# Motorbike/Antique bicycle ride to 65th Annual Holiday Motor Excursion



## oddball (Dec 14, 2021)

Motorbike/antique bicycle ride to the 65th Holiday Motor Excursion Sunday Dec. 26th, a gathering of over 200 antique autos. Meet at Merengue Bakery 417 S. Myrtle, Monrovia at 7am. Ride 2.5 miles to Arcadia Regional Park


----------



## markivpedalpusher (Dec 14, 2021)

2019 was a blast 








						Motorbike Ride 12/29/19 | Arcadia, CA | 64th Annual Motor Excursion | Swap Meets, Events, Rides
					

Posting on behalf of @oddball - A great event and ride in Arcadia, CA tomorrow 12/29/19 - the car show is 1932 and older so we're looking for riders to represent with early bicycles as well - BUT all riders and classic bicycles are welcome. Check out the flyer below and the link - looks like...




					thecabe.com


----------



## cyclingday (Dec 23, 2021)

The weather is looking a bit iffy right now, but, so far, so good for Sunday.

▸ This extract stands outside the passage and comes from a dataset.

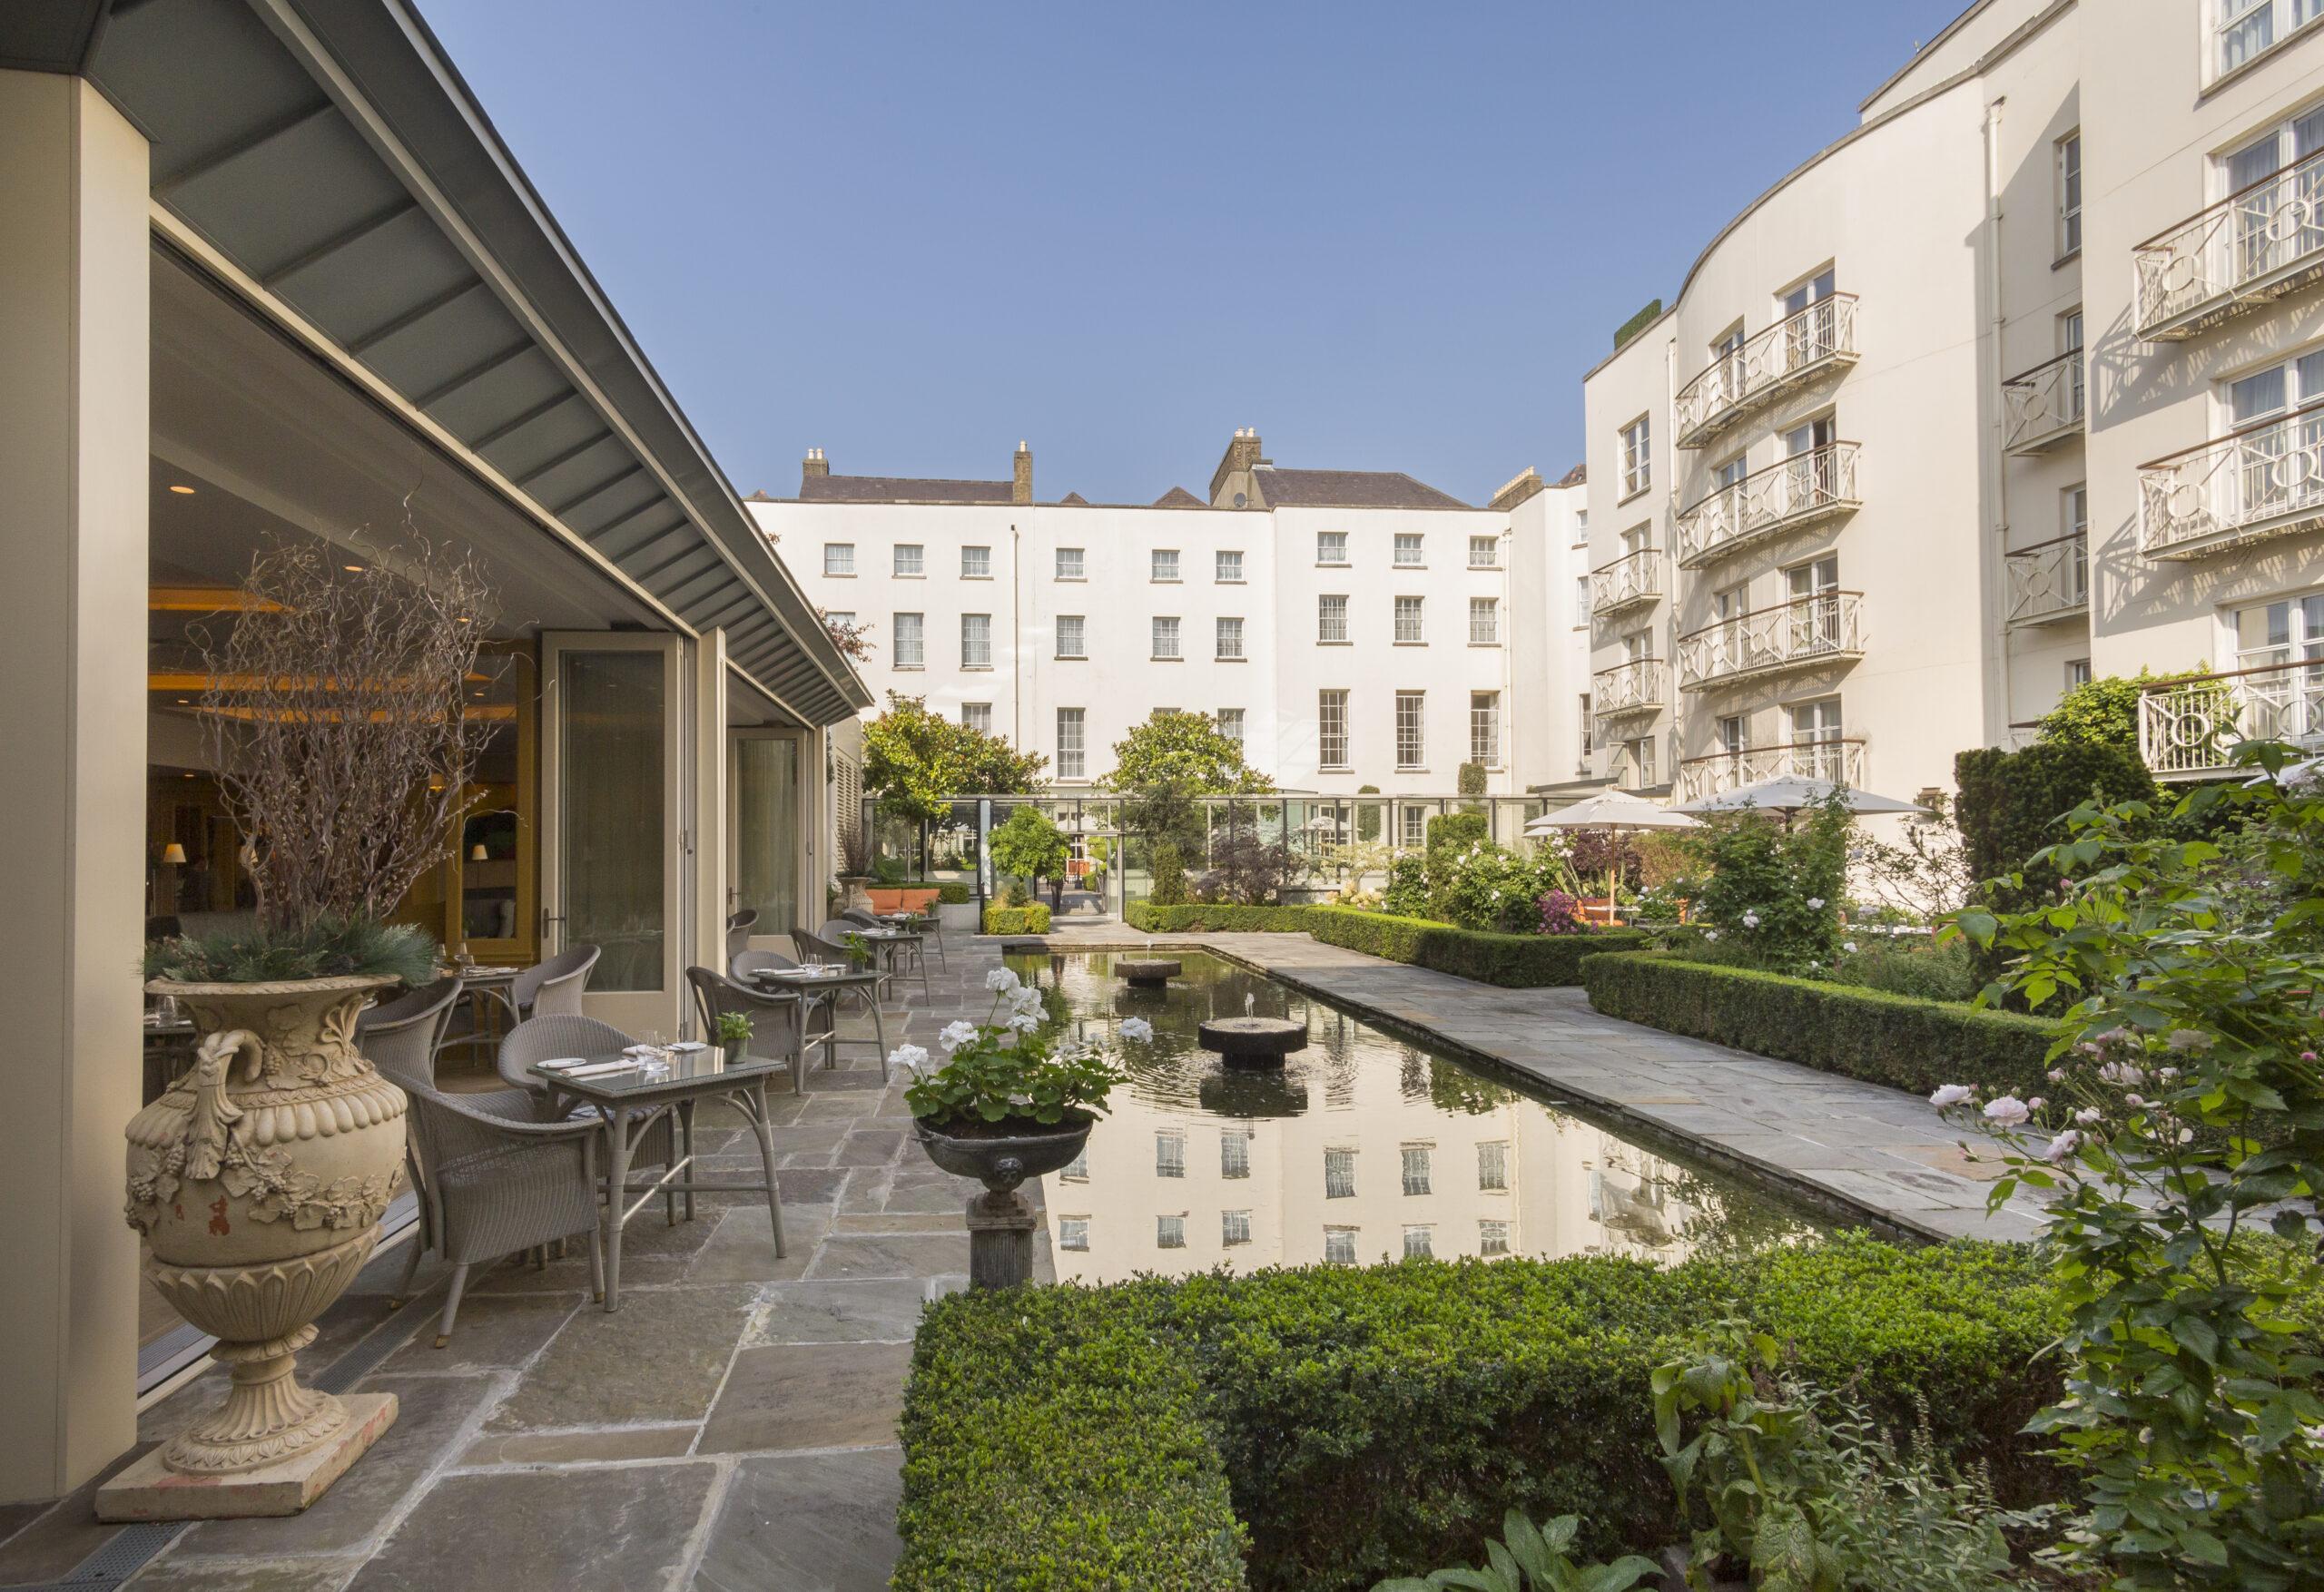 The Merrion Hotel, Dublin

Let’s hope this pattern holds up.


----------



## oddball (Dec 24, 2021)

Well looks like the air is gonna be nice and clean for the ride. I'm looking forward to this ride, one of our best events of the year. Make sure you dress in your best vintage.
Cliff


----------



## cyclingday (Dec 24, 2021)

Ok, that’s a good sign!


----------



## cyclingday (Dec 26, 2021)

Ok,
It’s a go for lift off!



Let’s Ride!


----------



## cyclingday (Dec 26, 2021)

It was a nice turn out today.
Not quite as many vintage rides as in past years, but there was definitely some quality over quantity.
Many vehicles I had never seen before, or even heard of.
Enjoy!


----------



## cyclingday (Dec 26, 2021)

Of course, the Indian 4 was a personal favorite, but the one car that knocked my socks off, was that British made, 1952 Alvis.
I have never seen or heard of that car before.
What a beautifully made, straight six cylinder sports car.
The stuff that dreams are made of!
I heard later, that the owner, is also the proud owner of a KJ model Henderson motorcycle.
I knew there was something about that guy that I liked. Lol!
Great day, observing the rolling artwork of human ingenuity.
We are an amazing species, when we want to be.


----------



## WESTCOASTRIDERS (Dec 27, 2021)

*THANK YOU FOR SHARING YOUR PHOTOS  !*


----------



## DonChristie (Dec 27, 2021)

Wow! Some beautiful machines and great pics! Love it!


----------



## Velocipedist Co. (Dec 30, 2021)




----------



## 1439Mike (Jan 1, 2022)

Thank you!


----------



## stezell (Jan 3, 2022)

Isn't the guy with the Indian 4 on a few episodes of American Pickers? Him and his father had the bicycle room and a few years back his dad passed away. Definitely liking those boat tails. 
Sean


----------



## PatsBikes (Jan 3, 2022)

Yes that's Alex Trepanier, His Dad was Robert Trepanier. They owned Harry and Son's radiator shop in Rosemead, CA. for years.
Bob amassed a huge collection of vintage bicycles, motorcycles, and vintage cars. He passed away in 2013
And his Son Alex is carrying the torch.
Alex rode his 1912 Indian single in the 2016 Cannonball run from Atlantic City, NJ. to Carlsbad, CA.
Quite a feat!!  He is one of the nicest people you could ever meet.  # 109 Ride on Alex!
As far as I know The Family still has all of Bobs collection  Awesome stuff!
Thanks for letting me share, Pat


----------